They slice, they dice, they dissect, they puree, they aggregate and they disaggregate. They examine, they analyze, they probe and they speculate. They create myths and they destroy legends. They are the new breed of political reporters in Washington and their ranks are swelling.
At one time, the coverage of national political news was the prerogative of large newspapers–especially the hometown journal, The Washington Post and its big Eastern rival, The New York Times. The news services, mostly the Associated Press, filled in the gaps. They did not aspire to lead the pack.
The coterie of political reporters was fairly small, specialized and exclusive. With occasional exceptions like Hearst’s Marianne Means, they were all men. Those were the days of “The Boys on the Bus.” Young and ambitious journalists longed to be foreign correspondents and to work for New York newspapers. A job in Washington was a good job, but it was still the first row of the second rate.
Then the center of gravity moved to Washington. New York newspapers declined in number and Watergate glamorized Washington journalism. Also, a secondary industry sprouted in Washington: serious, well-researched newsletters, covering everything from nuclear power to higher education. They provided jobs in the press corps and stepping stones.
More, political talk shows on television made national names of some reporters. That was an additional reason to join the Washington press corps. Why be respected in Chicago when you could have national attention from the nation’s capital?
By l975, Washington was the place to be and politics was the subject.
After the surge of ambitions ignited by Watergate, things settled down for a while as interest in science, energy, medical and environmental reporting rose. Equilibrium returned.

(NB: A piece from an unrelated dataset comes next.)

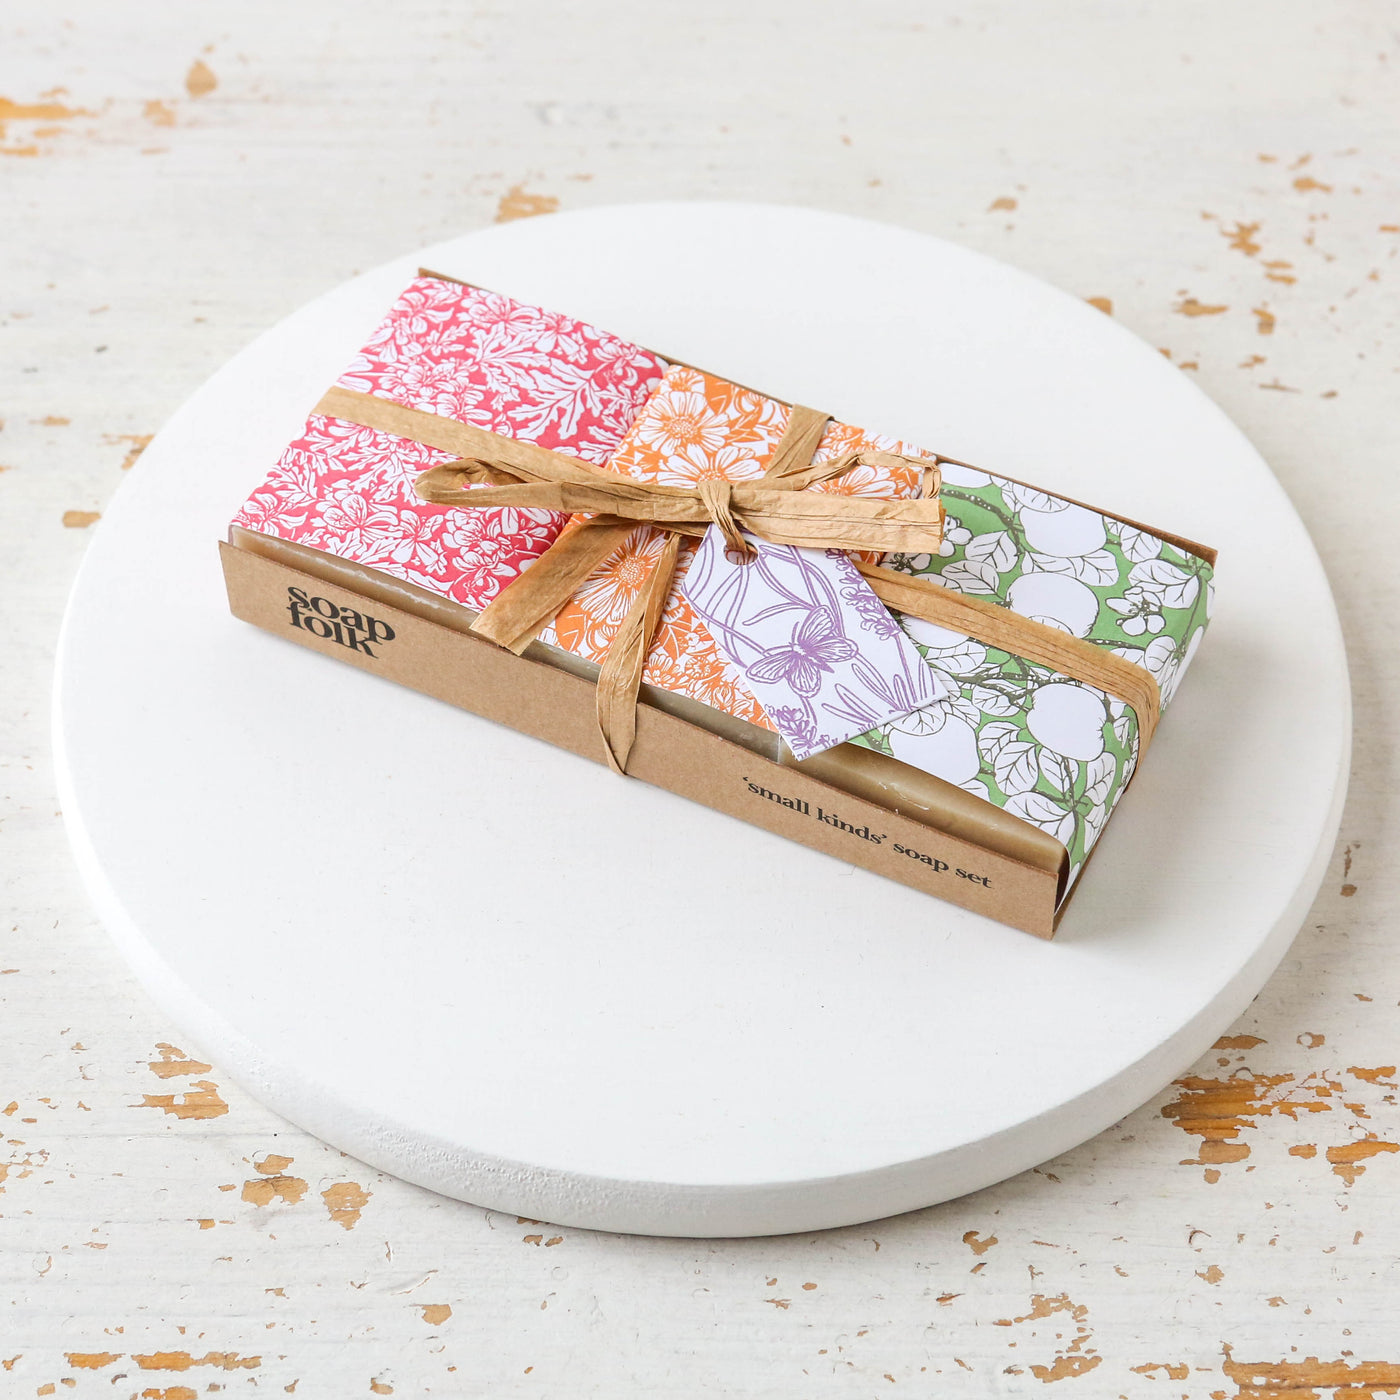 Small Kinds of Soap Set - 3 Bars

In the 1990s, money came to tip the balance toward political journalism, again. As lobbyists proliferated (there are more than 30,000 registered), they had money to spend on political “issue” advertising. They had to get their messages to the members of Congress. To use The Washington Post and The Washington Times for this was expensive and wasteful. Specialized media had to be found.
The first beneficiary of this new wealth was Roll Call: the sleepy local newspaper of Congress, then published once a week when Congress was in session. It was joined, a decade and a half ago, by The Hill, founded as a weekly by Martin Tolchin, a veteran New York Times reporter. Both are now published three times week, more to accommodate the new advertising than the news. Another commonality: They paid low wages to beginning reporters and relied on experienced editors to cleanup the reporting.
Now that business model is under attack. This year, a third paper–a cross between a Web site and a printed paper–appeared. It is The Politico: the entrant of Robert Allbritton, a wealthy banker and television station owner, who is spewing money.
Allbritton has stirred up the salary structure in Washington journalism in a way that has never happened before. Whereas Roll Call, and more so The Hill, paid reporters the lowest possible wages, Allbritton has thrown open Ft. Knox. Instead of starting reporters at $30,000 a year, Allbritton has hired big names from The Washington Post and The Wall Street Journal at salaries of up to $300,000.
In addition to the three aforementioned newspapers, the lobbying boom has also generated new Web-based daily publications from older publishers like Congressional Quarterly and its rival, The National Journal.
No wonder spontaneity has been wrung out of politics. If a member of Congress so much as eats peas off a knife, it will be reported somewhere and commented upon somewhere else. In the old days, reporters and congressmen knew each other–and reporters cut their subjects some slack, especially in irrelevant matters of personal conduct. Now the microscope is never off, let alone the searchlight.